There is a particularly valuable section dealing with the statistical analysis of the data and it is shown how the quality of the data obtained can be improved by the use of m o d e m electronic data collection and processing equipment.

Much of this part of the book is taken up by discussion of the particular problems associated with measuring the strength properties of snow and muskeg. In particular, the author shows how to deal with terrain which recovers between the passage of one wheel and another, by a repetitive loading test, and how to characterise muskeg consisting of a surface mat overlying weaker peat and snow frozen in layers.

The largest section of the book deals with the prediction of tractive performance of tracked vehicles in soft snow, muskeg and soil. This consists of a description of the NTVPM computer model developed by the author and his colleagues. The model is far more comprehensive than any other approach which has been previously developed and enables the effects on performance of all track design features to be investigated.

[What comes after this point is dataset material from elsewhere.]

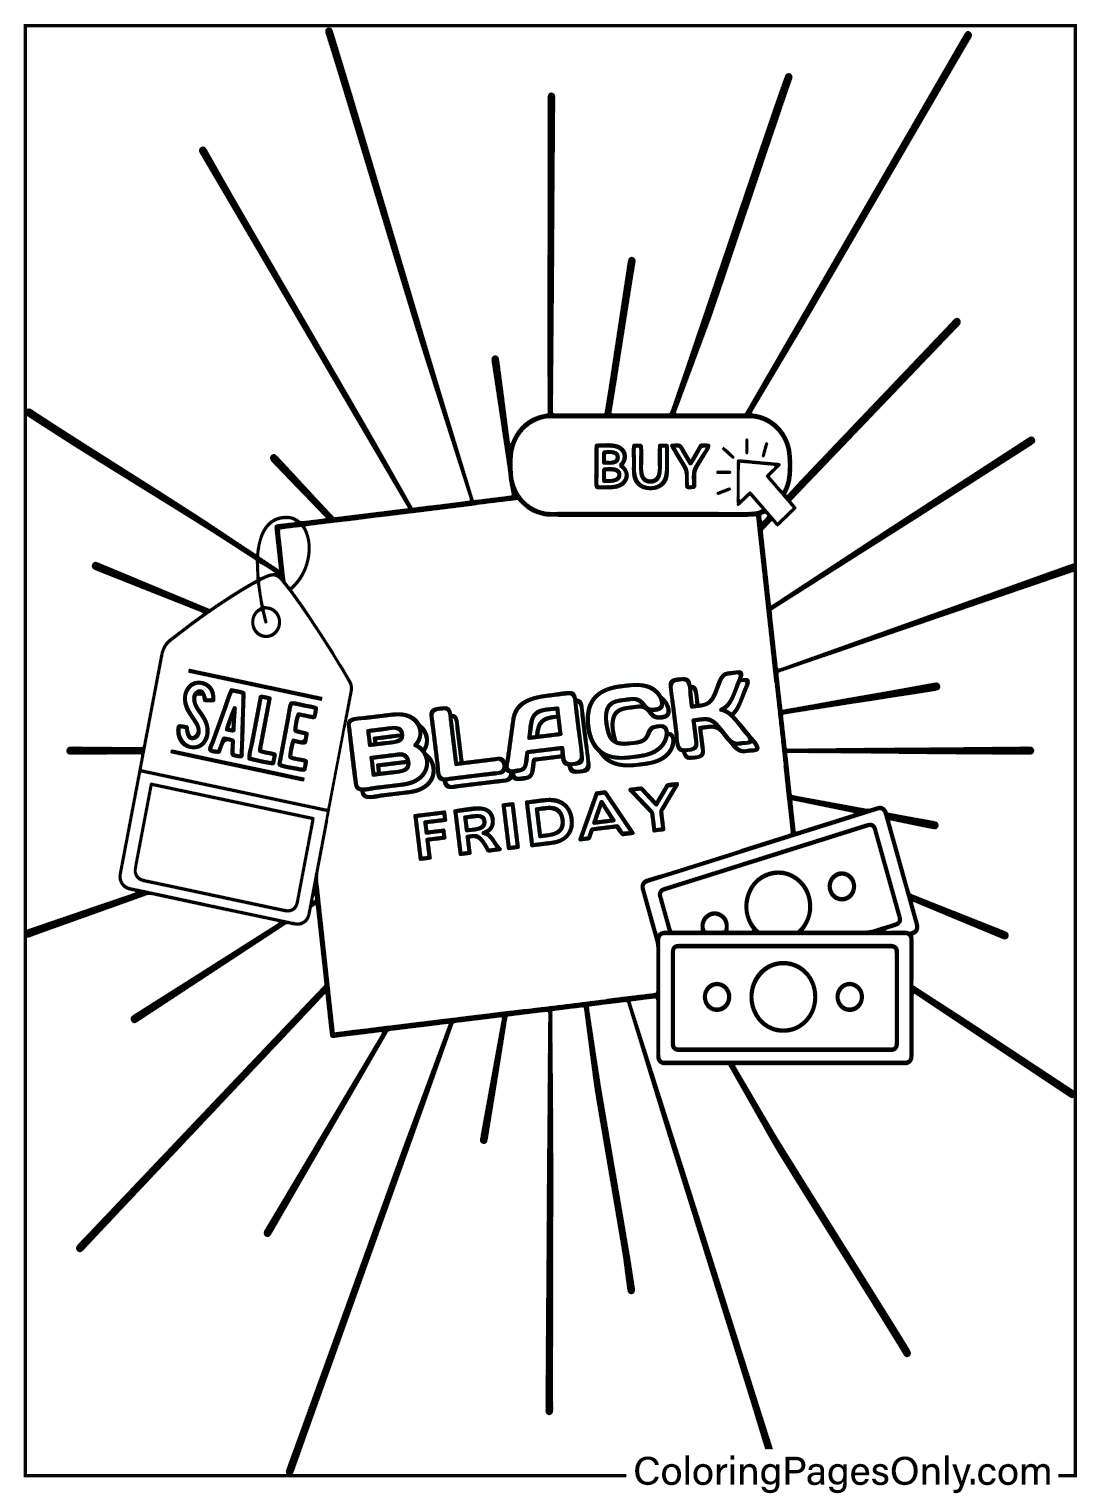 Dibujos para colorear del Black Friday para imprimir desde el Black Friday

Experiments carried out to validate the model in snow and muskeg are described and the degree of agreement between measured and predicted results is extremely good, considering that the measurements were made in naturally occurring ground conditions. As an example of the way in which the model can be used, the author shows predicted results, in snow and a wet clay soil, for vehicles having different track system configurations, suspension characteristics, initial track tension, weight, position of centre of gravity, ground clearance and sprocket location.Add both to Cart Add both to List.

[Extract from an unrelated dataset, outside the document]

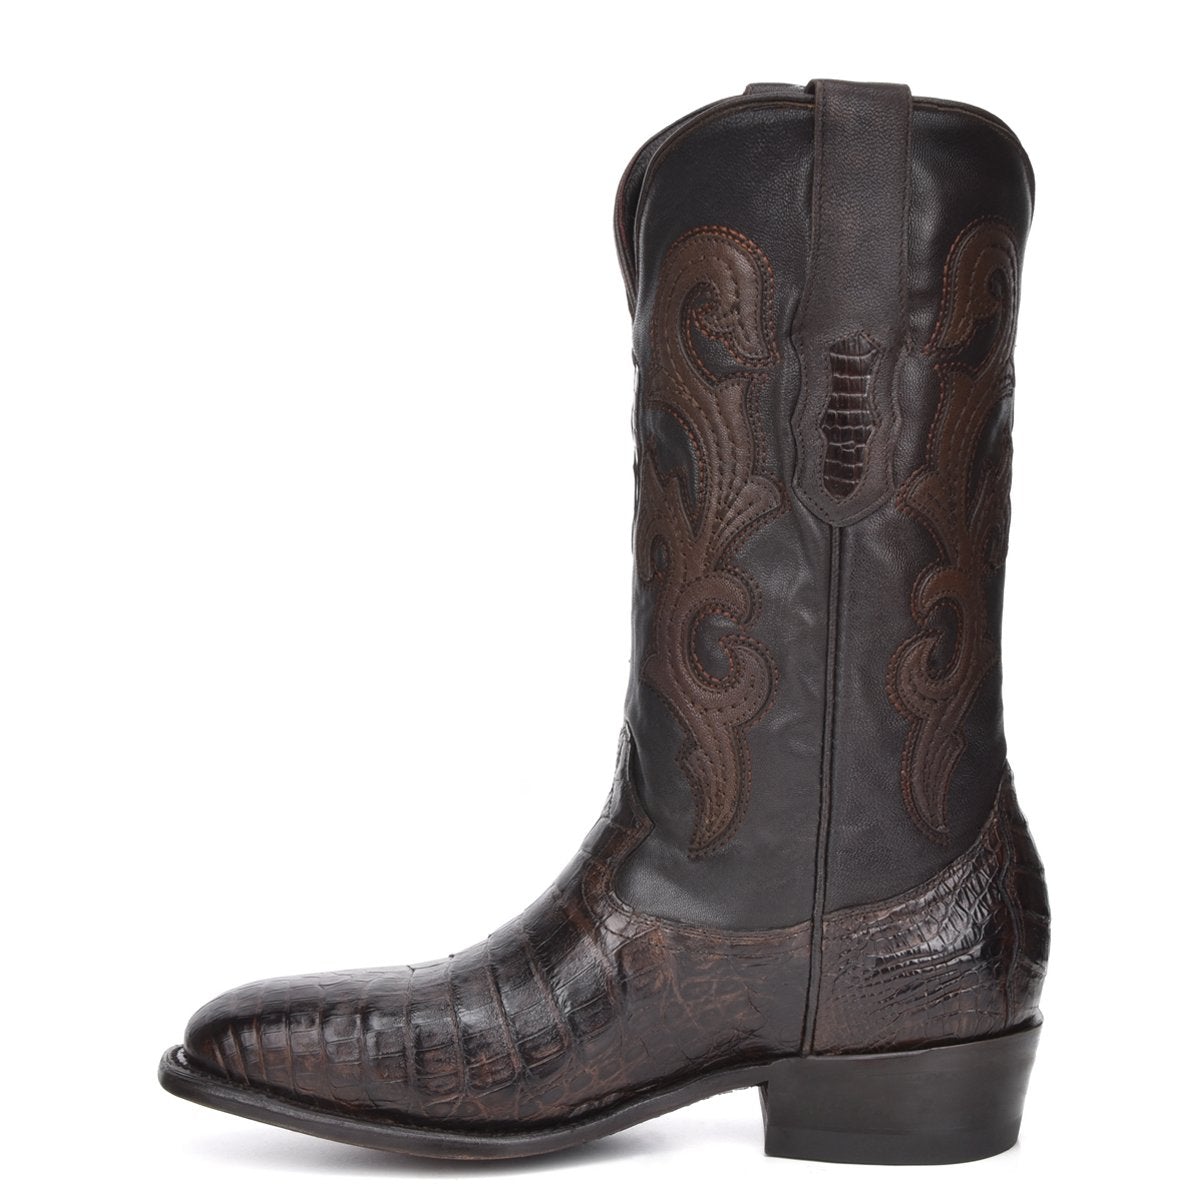 M2144 - Montana brown dress cowboy caiman boots for men-Kuet.us

Firstly, a better traction. site Restaurants Food delivery from local restaurants. Please try again later. Catt Editors. Ideal for professional reference and course reference by students, with new detailed worked design examples, case studies, and accompanying problems and solutions.

V vehicle velocity [14] Wong, J. The benefits of these strategies include reductions in: i vehicle energy consumption, ii stopping distance, and iii acceleration times To achieve these targets, advanced torque vectoring control strategies for vehicle layouts characterised by Fig.